I bet you said yes.....

chris.


----------



## scotpens (Sep 6, 2003)

I hereby nominate the title of this thread for the Ten Best HobbyTalk Thread Titles list.


----------



## Auroranut (Jan 12, 2008)

I second that nomination!!

Chris.


----------



## Auroranut (Jan 12, 2008)

I reckon we should move this thread to the Adult Forum and have some fun with it....

Chris.


----------



## Lloyd Collins (Sep 25, 2004)

Adult Forum? I didn't know we had adults here.


----------



## Auroranut (Jan 12, 2008)

You have a point Lloyd.....

Chris.


----------



## scotpens (Sep 6, 2003)

Auroranut said:


> I reckon we should move this thread to the Adult Forum and have some fun with it....


Not another round of the Pants Game!!


----------



## John P (Sep 1, 1999)

scotpens said:


> I hereby nominate the title of this thread for the Ten Best HobbyTalk Thread Titles list.


:lol:


----------



## jgoldader (Mar 26, 2008)

John P said:


> I was judiciously applying a flexi-file to the inseam of Frankenstein's legs when my wife passed by the room and asked what I was doing.
> 
> "Crotch sanding!" I said.
> 
> ...


There was a painful, horrible take on this in the first "Darwin Awards" book. It involved a belt sander.

And staples.

Jeff


----------



## Magesblood (May 12, 2008)

some of the greatest men in history have worn pants.

Reminds me of the time I was draining the hot dog steamer at a store I worked at. I was alone in the store, getting ready to close. Put the bucket by the counter to catch the wiener water and someone came into the store while my back was turned to the entrance doing some cleaning of other stuff. As you can imagine, water coming out of something at 2 1/2 feet into a bucket sounds like something...else. She yelled, "what the hell are you doing?"

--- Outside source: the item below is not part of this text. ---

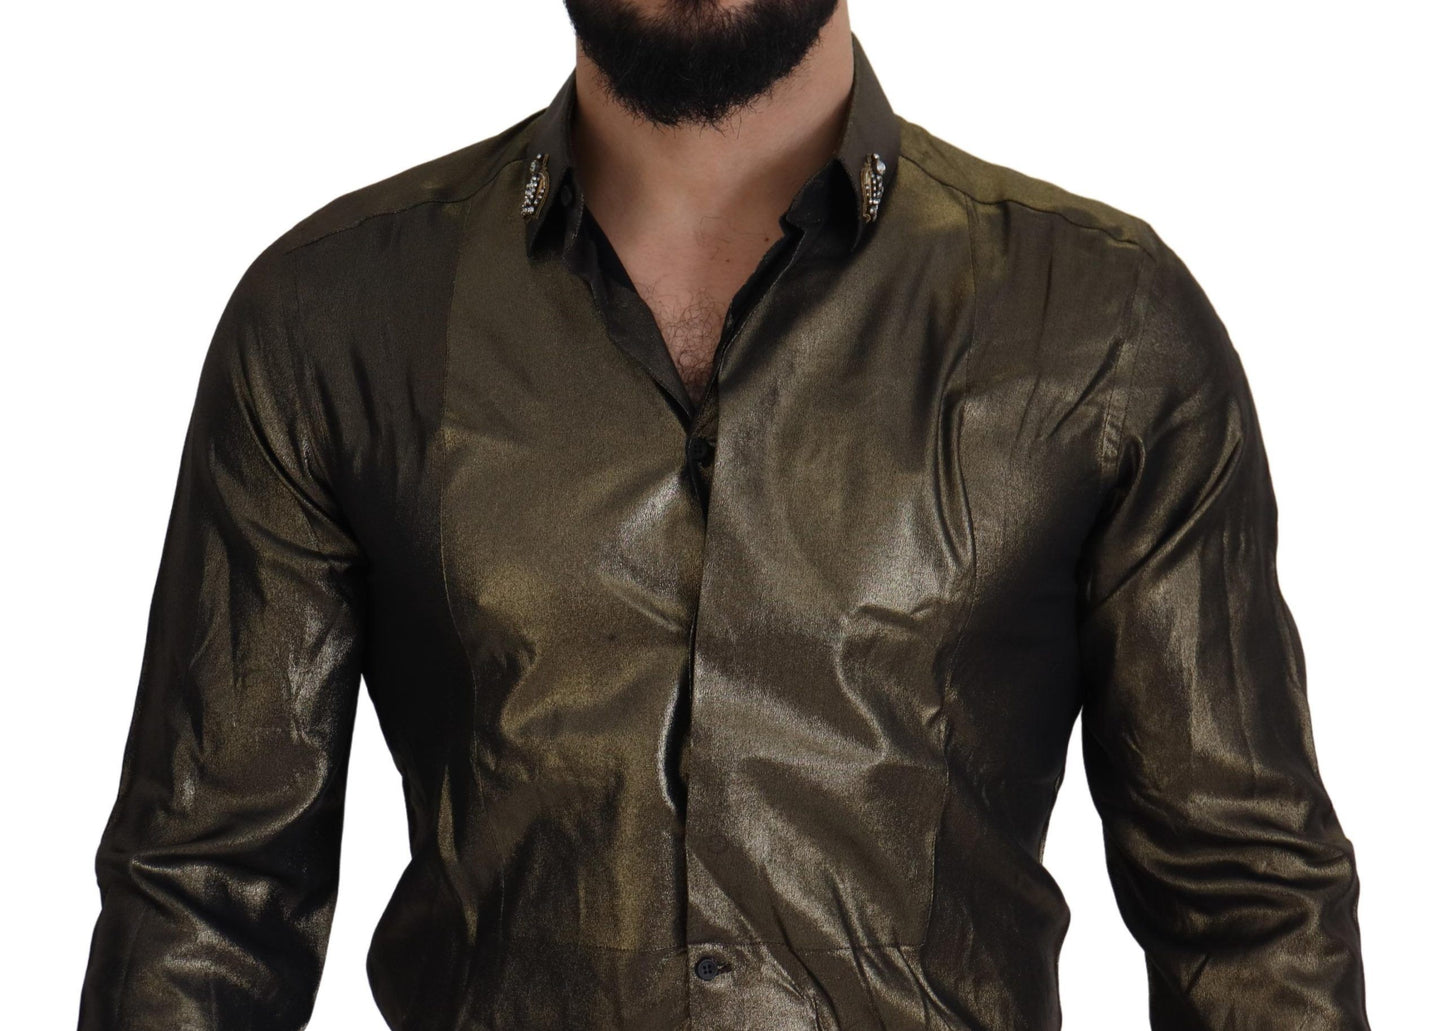 Elegant Gold Slim Fit Shirt with Crown Embroidery

eh, guess you had to be there.


----------



## mcdougall (Oct 28, 2007)

Magesblood said:


> some of the greatest men in history have worn pants.
> 
> Reminds me of the time I was draining the hot dog steamer at a store I worked at. I was alone in the store, getting ready to close. Put the bucket by the counter to catch the wiener water and someone came into the store while my back was turned to the entrance doing some cleaning of other stuff. As you can imagine, water coming out of something at 2 1/2 feet into a bucket sounds like something...else. She yelled, "what the hell are you doing?"
> 
> eh, guess you had to be there.


Hope you didn't say" just draining off some weiner water mam...what can I get ya?"
Mcdee


----------



## The-Nightsky (May 10, 2005)

Did you grab her and give her a dremel Salute right there on the workbench? LOL


----------



## The-Nightsky (May 10, 2005)

Magesblood said:


> some of the greatest men in history have worn pants.
> 
> Reminds me of the time I was draining the hot dog steamer at a store I worked at. I was alone in the store, getting ready to close. Put the bucket by the counter to catch the wiener water and someone came into the store while my back was turned to the entrance doing some cleaning of other stuff. As you can imagine, water coming out of something at 2 1/2 feet into a bucket sounds like something...else. She yelled, "what the hell are you doing?"
> 
> eh, guess you had to be there.


: Just Drainin the wieners Ma'am":wave:... I'm so gonna get banned


----------



## Dave Metzner (Jan 1, 1970)

Would some one please explain where this thread is going and how it relates to modeling?
Looks like it's on it's way to a closing!
Dave


----------



## Dave Metzner (Jan 1, 1970)

I think that this thread has run far enough....
Sooo I'll close it now....
Dave


----------